Upper vs Lower Extremity BP in Spinal Cesarean Using ClearSight

Purpose

This is a single-center, prospective observational study in patients undergoing cesarean delivery under spinal or combined spinal-epidural anesthesia. It compares whether continuous noninvasive hemodynamic measurements from the lower extremity (toe) better predict neonatal outcomes than upper extremity (arm/finger) measurements during spinal-induced hypotension. Participants receive standard spinal anesthesia and routine blood pressure management, with additional monitoring using the ClearSight™ system at both upper and lower extremities from before spinal anesthesia through delivery. The primary outcome is a composite of neonatal outcomes (APGAR scores, need for respiratory support, cord gases, and NICU admission). Secondary outcomes include maternal side effects and comfort. Overall, the study evaluates whether lower-extremity hemodynamic monitoring improves detection of clinically relevant hypotension and prediction of neonatal outcomes compared to traditional arm measurements.

Conditions

  • Anesthesia
  • Pregnancy Related
  • Blockades Neuromuscular

Eligibility

Eligible Ages
Over 18 Years
Eligible Sex
Female
Accepts Healthy Volunteers
Yes

Inclusion Criteria

  • Age ≥ 18 years old - Singleton pregnancy - Gestational age ≥ 37 weeks - Women undergoing CD under SAB or Combined Spinal-Epidural (CSE) electively. - Ability to consent in English and in Spanish language

Exclusion Criteria

  • CD under or converted to general anesthesia - CD under epidural anesthesia or converted to epidural anesthesia - Diabetes Mellitus (DM)/Gestational Diabetes Mellitus (GDM) - Evidence of unstable cardiac disease other than HDP (including chronic hypertension, gestational hypertension, preeclampsia-eclampsia, and chronic hypertension with superimposed preeclampsia) judged by the investigator to have any impact on BP will make the subject unsuitable for participation in the study - Documented fetal anomaly/ congenital malformations and genetic syndromes - Intrauterine growth retardation - Unable to consent in English/Spanish. - Prisoners

Study Design

Phase
Study Type
Observational
Observational Model
Cohort
Time Perspective
Prospective

Arm Groups

ArmDescriptionAssigned Intervention
Pregnant Women undergoing Cesarean Delivery
  • Device: ClearSight
    The ClearSight system provides continuous blood pressure and advanced hemodynamic parameters from a noninvasive finger cuff sensor.
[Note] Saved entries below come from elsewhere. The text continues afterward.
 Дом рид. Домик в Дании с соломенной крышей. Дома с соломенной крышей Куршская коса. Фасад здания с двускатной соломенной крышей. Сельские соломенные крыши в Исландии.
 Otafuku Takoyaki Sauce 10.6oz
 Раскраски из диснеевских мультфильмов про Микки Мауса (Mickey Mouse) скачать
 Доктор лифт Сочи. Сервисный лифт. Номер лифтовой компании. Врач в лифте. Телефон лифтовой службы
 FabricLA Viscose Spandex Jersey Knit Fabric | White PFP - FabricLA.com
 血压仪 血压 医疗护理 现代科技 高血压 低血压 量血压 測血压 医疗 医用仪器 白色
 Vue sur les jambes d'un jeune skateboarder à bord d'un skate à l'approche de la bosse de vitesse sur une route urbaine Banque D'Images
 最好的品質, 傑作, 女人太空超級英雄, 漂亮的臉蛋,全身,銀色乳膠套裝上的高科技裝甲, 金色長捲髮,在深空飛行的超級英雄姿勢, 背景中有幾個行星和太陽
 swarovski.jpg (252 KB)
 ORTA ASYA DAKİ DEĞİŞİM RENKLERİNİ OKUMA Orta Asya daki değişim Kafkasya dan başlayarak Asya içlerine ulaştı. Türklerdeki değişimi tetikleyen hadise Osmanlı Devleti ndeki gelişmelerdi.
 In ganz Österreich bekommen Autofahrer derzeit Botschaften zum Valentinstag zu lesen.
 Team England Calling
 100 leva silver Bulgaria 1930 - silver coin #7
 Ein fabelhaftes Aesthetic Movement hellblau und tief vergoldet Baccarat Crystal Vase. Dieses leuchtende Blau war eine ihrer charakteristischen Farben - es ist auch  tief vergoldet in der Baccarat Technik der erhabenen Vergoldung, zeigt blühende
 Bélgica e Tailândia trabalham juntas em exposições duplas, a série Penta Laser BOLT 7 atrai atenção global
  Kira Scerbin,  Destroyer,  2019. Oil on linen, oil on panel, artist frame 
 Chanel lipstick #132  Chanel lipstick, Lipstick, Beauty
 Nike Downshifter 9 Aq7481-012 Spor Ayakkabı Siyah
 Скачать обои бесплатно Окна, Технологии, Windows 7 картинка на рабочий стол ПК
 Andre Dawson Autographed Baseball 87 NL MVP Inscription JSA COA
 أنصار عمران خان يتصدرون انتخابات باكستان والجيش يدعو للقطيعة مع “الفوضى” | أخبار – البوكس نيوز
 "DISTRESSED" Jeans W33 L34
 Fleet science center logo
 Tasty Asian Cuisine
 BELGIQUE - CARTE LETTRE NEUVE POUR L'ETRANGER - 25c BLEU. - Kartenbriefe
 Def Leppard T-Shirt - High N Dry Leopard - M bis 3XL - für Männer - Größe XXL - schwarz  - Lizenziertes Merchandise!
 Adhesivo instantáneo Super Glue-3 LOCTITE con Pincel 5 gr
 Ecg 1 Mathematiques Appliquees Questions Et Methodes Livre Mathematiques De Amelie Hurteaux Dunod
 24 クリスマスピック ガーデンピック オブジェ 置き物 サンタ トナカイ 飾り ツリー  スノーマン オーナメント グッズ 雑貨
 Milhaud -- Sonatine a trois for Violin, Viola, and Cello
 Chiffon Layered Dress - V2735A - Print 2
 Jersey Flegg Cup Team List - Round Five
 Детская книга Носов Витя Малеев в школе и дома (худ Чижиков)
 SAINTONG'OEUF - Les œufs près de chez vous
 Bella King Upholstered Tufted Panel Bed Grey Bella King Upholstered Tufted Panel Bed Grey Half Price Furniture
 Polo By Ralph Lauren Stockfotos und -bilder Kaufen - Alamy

Therefore, placing both cuff sensors in different arms will ensure no interference with the ClearSight readings due to the conventional blood pressure cuff inflation.

Recruiting Locations

The Ohio State University
Columbus, Ohio 43210
Contact:
Alberto Uribe, MD
6142933559
alberto.uribe@osumc.edu

More Details

Status
Recruiting
Sponsor
Ohio State University

Study Contact

Ling-Qun Hu, MD
6142936302
LingQun.Hu@osumc.edu

Detailed Description

Enrolled parturients undergoing elective cesarean delivery under spinal anesthesia will participate in this prospective, observational study following informed consent. Standard perioperative care will be maintained, including administration of spinal anesthesia (1.6 mL of 0.75% hyperbaric bupivacaine with fentanyl 10 mcg and morphine 100 mcg), crystalloid co-loading, and a prophylactic phenylephrine infusion. For study purposes, the ClearSight™ system will be applied noninvasively to both the upper and lower extremities, with a finger cuff placed on the ring finger of the arm opposite the intravenous line and a toe cuff placed on the left foot, while a standard oscillometric blood pressure cuff will be placed on the same arm. Continuous beat-by-beat blood pressure and flow measurements will be recorded from 3 minutes prior to spinal anesthesia placement until 3 minutes after neonatal delivery, alongside routine intermittent arm cuff measurements. Intraoperative maternal events and hemodynamic parameters will be documented, and neonatal outcome data-including Apgar scores, need for airway support, and NICU admission-will be extracted from the electronic medical record. No additional interventions beyond standard care will be performed, and all data collected will be used to compare the predictive performance of upper versus lower extremity hemodynamic measurements for neonatal outcomes.